From this point on, whenever we refer to "stock," we mean common stock. It is, after all, much more commonly purchased.
How to Make Money in Stocks
Investing is seen by many in the world of the stock market as much as a game as a way to make money. But even if it's a game, it'd be nice to turn a profit. It's not easy, and it can take time for an investment to pay off, if it ever does. But it's possible.
There are two ways to earn money when you invest in stock: price appreciation and dividends.
Price Appreciation: Stocks on the Rise
If the company you invest in does well and makes money, its stock becomes attractive to own, and soon more investors will want to own some of the company that you own. That's when supply and demand works in your favor. The greater the demand, the more the price is driven up. The price moving up (because more people are buying the stock) is known as price appreciation -- your stock increases in value. You'll realize a profit, or gain, when you sell stock that has appreciated.
Say you buy stock for $10 a share, and it grows, or appreciates, to $15. Nice work! You earned $5, and the value of your share of stock increased, or appreciated, by 50%. The flip side of that is price depreciation, which is another way of saying that the price of a stock went down. With depreciation, you may lose money if you worry the stock will fall even further and sell it, or you could be holding onto it for a while, waiting for it to appreciate.
In addition to the potential price appreciation, or attractiveness, of your stock in the public's eye, you can also earn a dividend when you own stock.
Distributing dividend payments is another way for a company to share its profit with you. This means that each quarter the company pays you a certain amount of money for each share of stock you own. Usually dividend payments are much smaller than the price of the stock. For example, a company whose stock price is $15 per share might pay a dividend of 4 cents per share each quarter.
Many times, dividends come at the expense of greater price appreciation, because the company is distributing its profits to shareholders rather than reinvesting these profits back into the growth of the company. However, companies that pay dividends can be very attractive to investors, because they offer a steady stream of income. Whichever you pick as your priority -- current income (dividends) or longer-term growth (price appreciation) -- depends on what you need.
Stocks, Bonds & Cash
Bonds are a different asset from stocks, but it's important for you to know that they're out there as a different investing option. When you buy a bond, you don't become part owner of a company -- you're the bank! You lend the company, or others, money. When companies, counties, municipalities or the U.S. government need to raise money, but not raise taxes or prices, they have bond offerings.
Bonds are loans, with a maturity date and a percentage rate promised to you. The maturity date and set percentage rates can make bonds an attractive investment as part of a stabilizing influence in your investment portfolio. But you don't want just bonds in your portfolio -- over the long haul, stocks outperform bonds. If you want to purchase and own bonds, it's very important to have quality bonds in your portfolio.

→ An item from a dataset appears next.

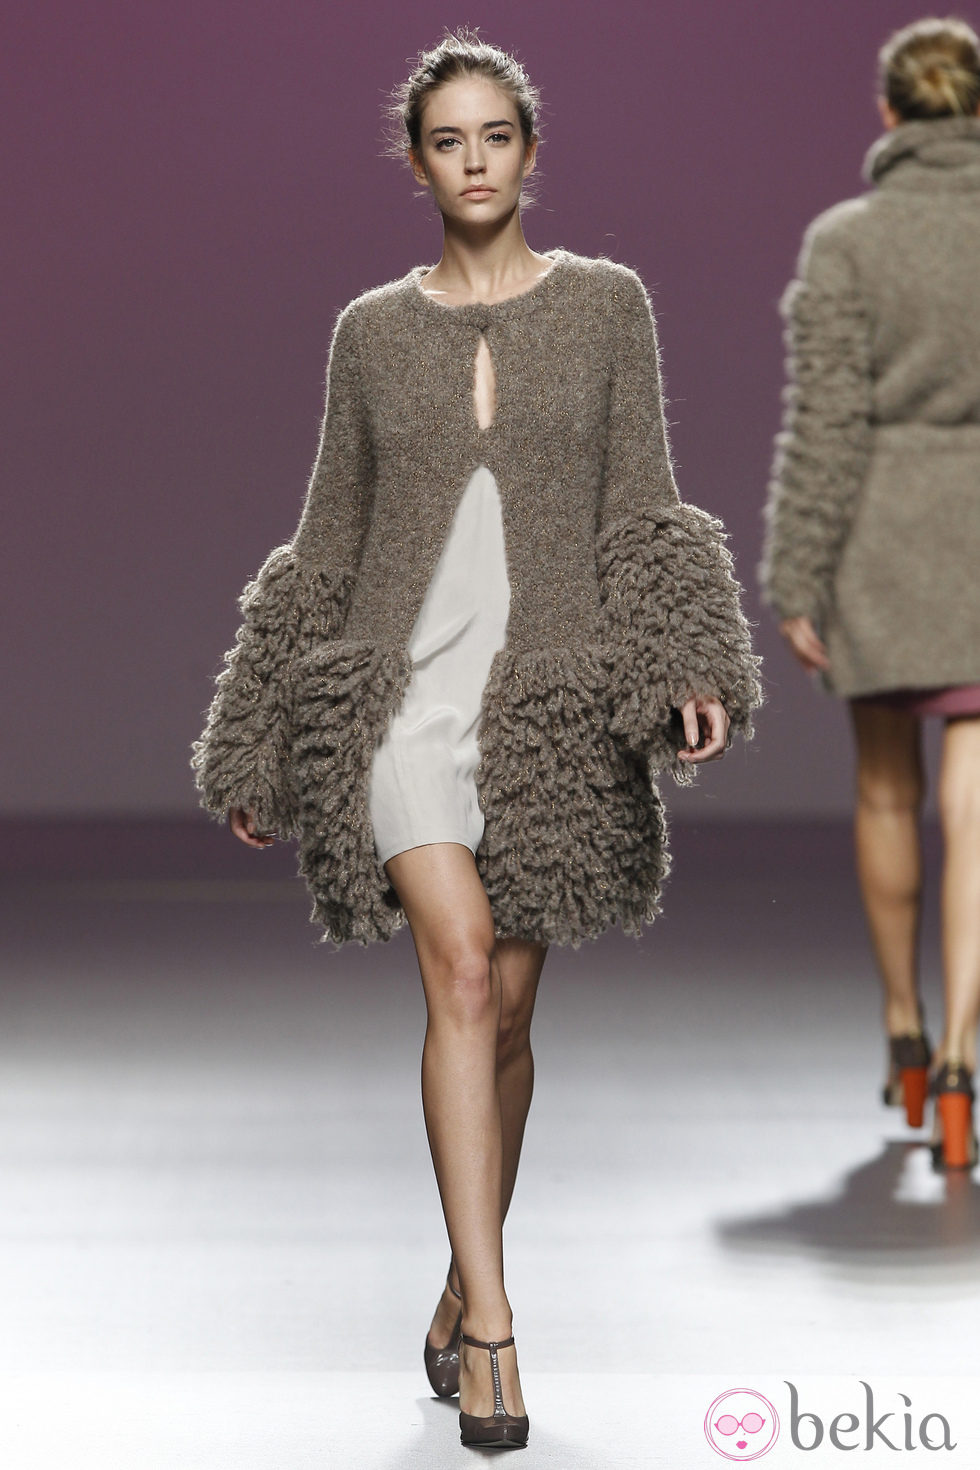 Chaqueta de lana con volumen en mangas y en el bajo de Sita Murt en la Fashion Week Madrid

When financial advisers suggest you diversify, or vary your investments, they're advising you to spread out any potential risk, or decline, in your investment portfolio. Your investment portfolio is a collection of all of your investments, which could include assets from each of these three classes.

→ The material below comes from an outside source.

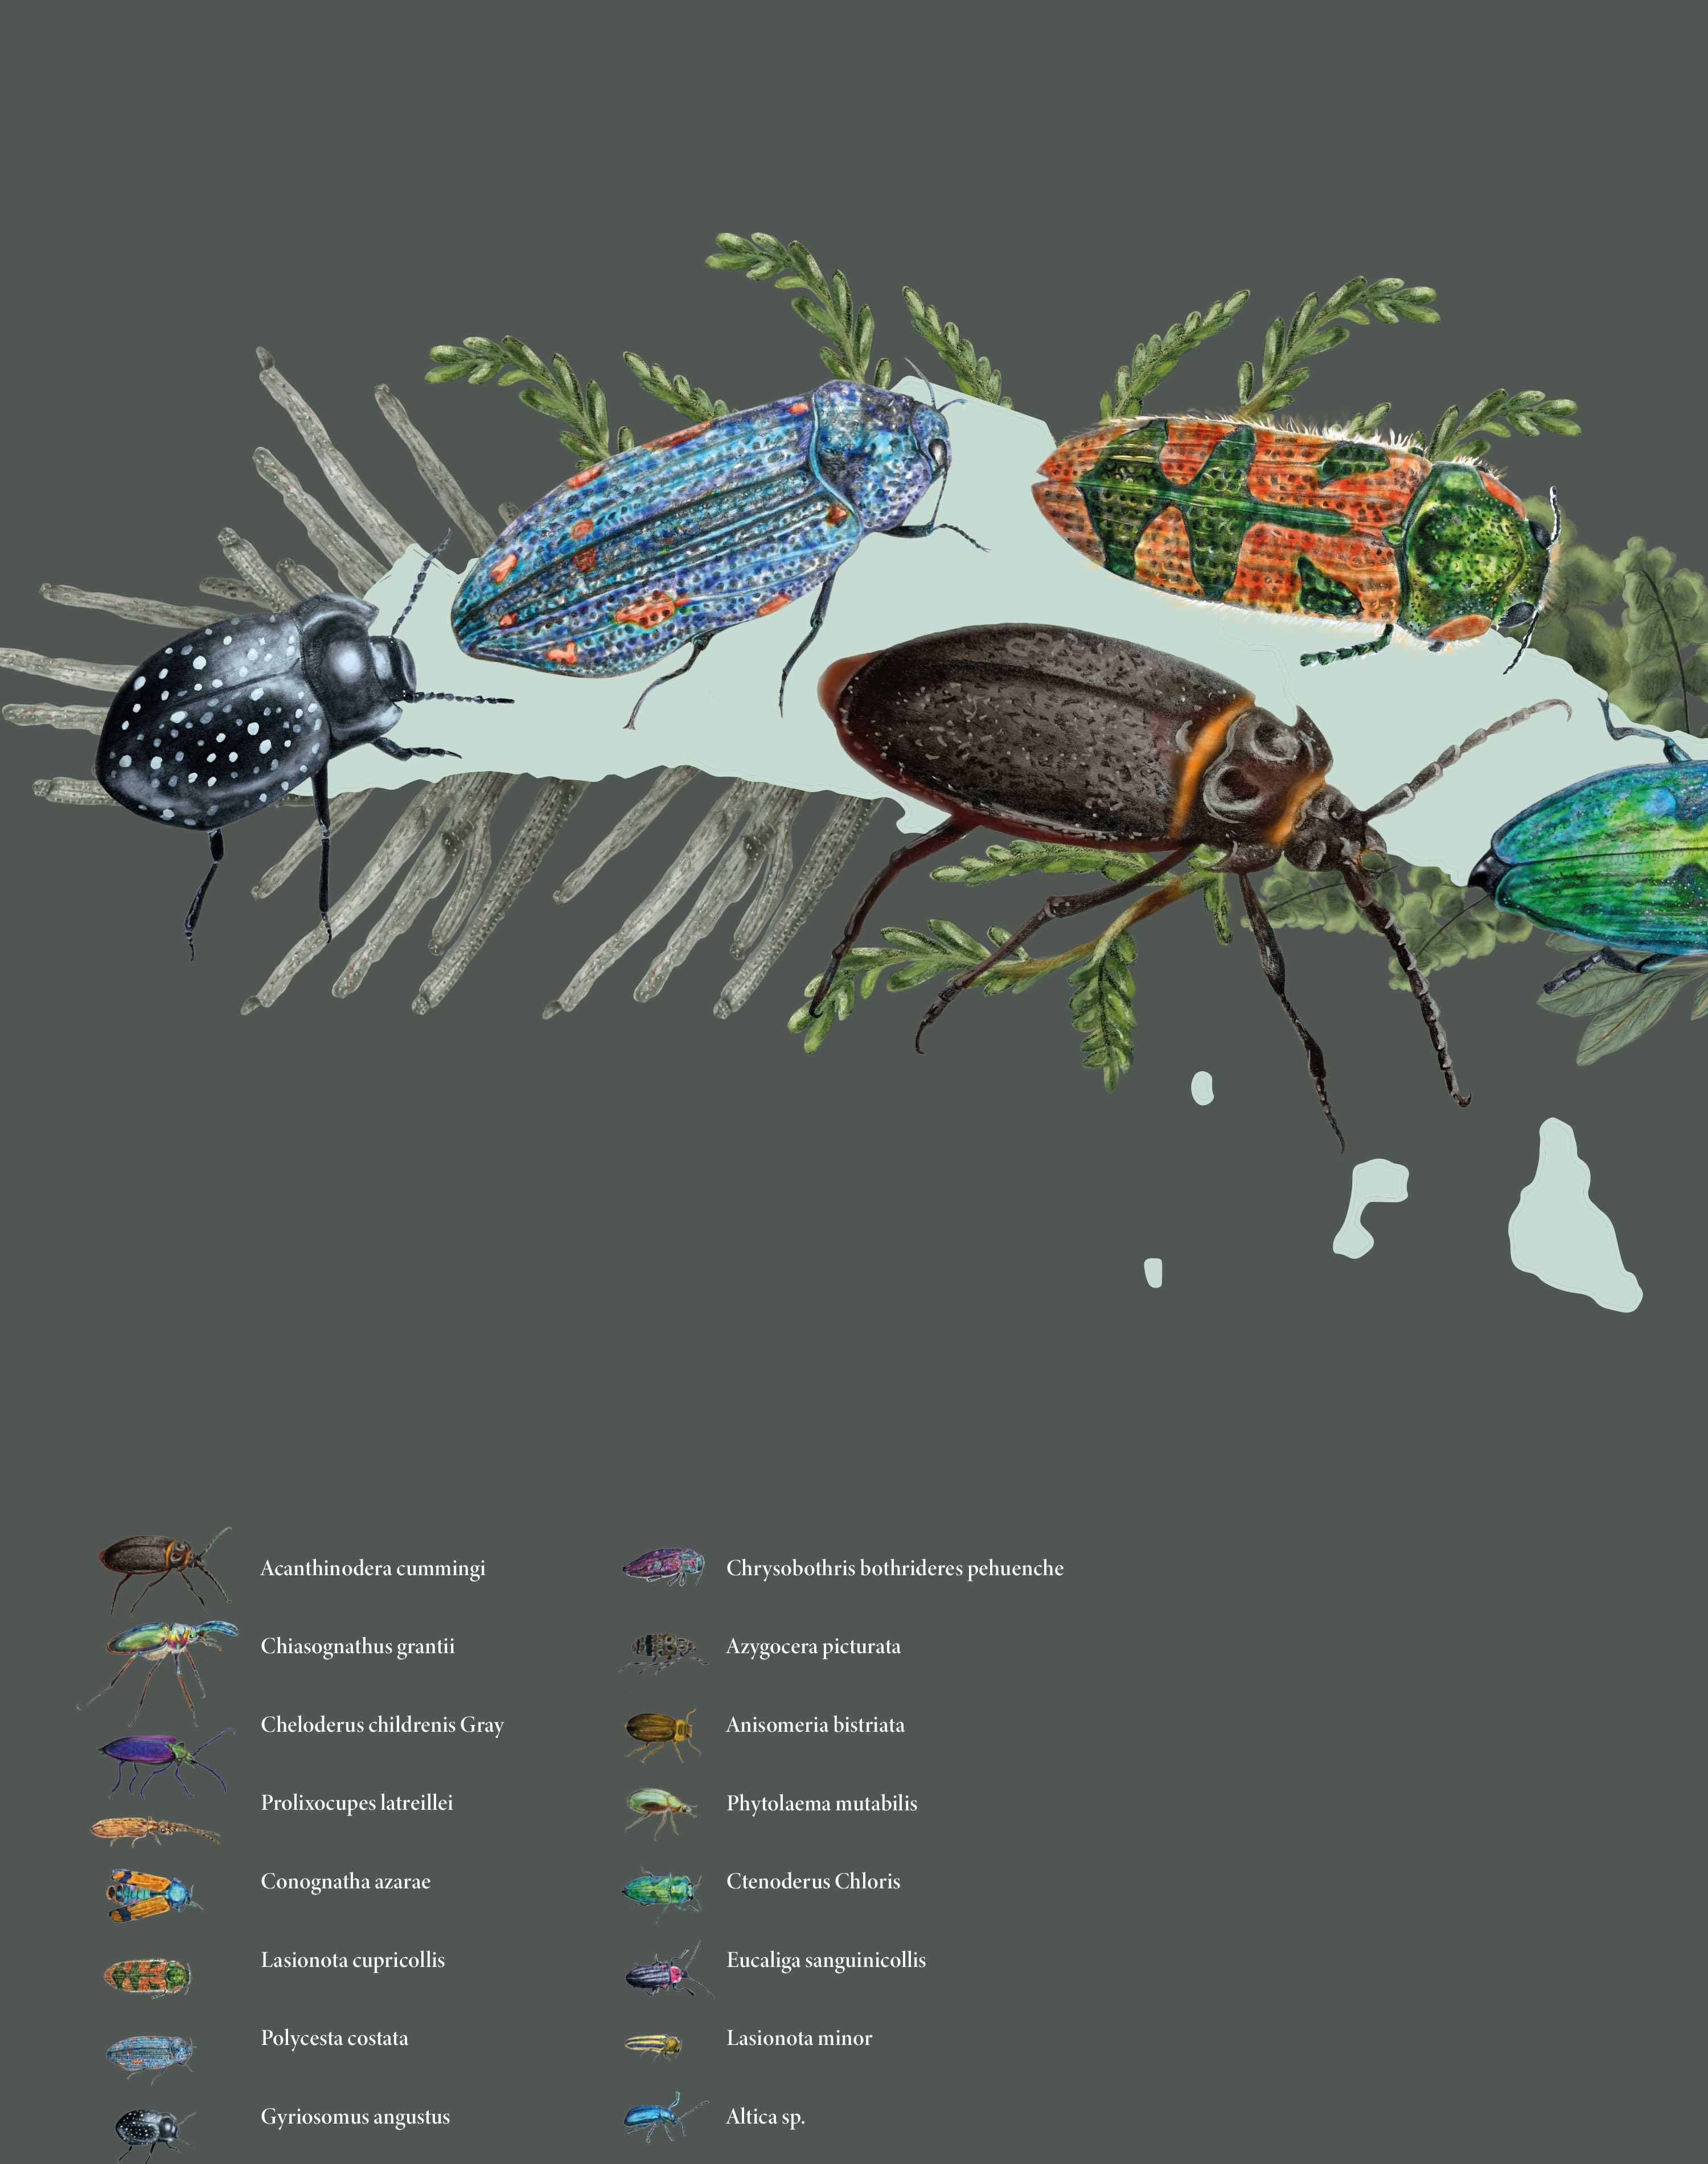 Mapa de Escarabajos de Chile - Enmarcado A PEDIDO

It's like a nutritionist telling you to eat a little bit of each type of food to maximize your health. A balance of green vegetables, lean meats, dairy products and whole grain breads keep you physically and mentally healthy. Likewise, you want to invest your money in a variety of assets in your portfolio: stocks, bonds and cash products. Cash investments include products such as certificates of deposit (CDs) and money market mutual funds.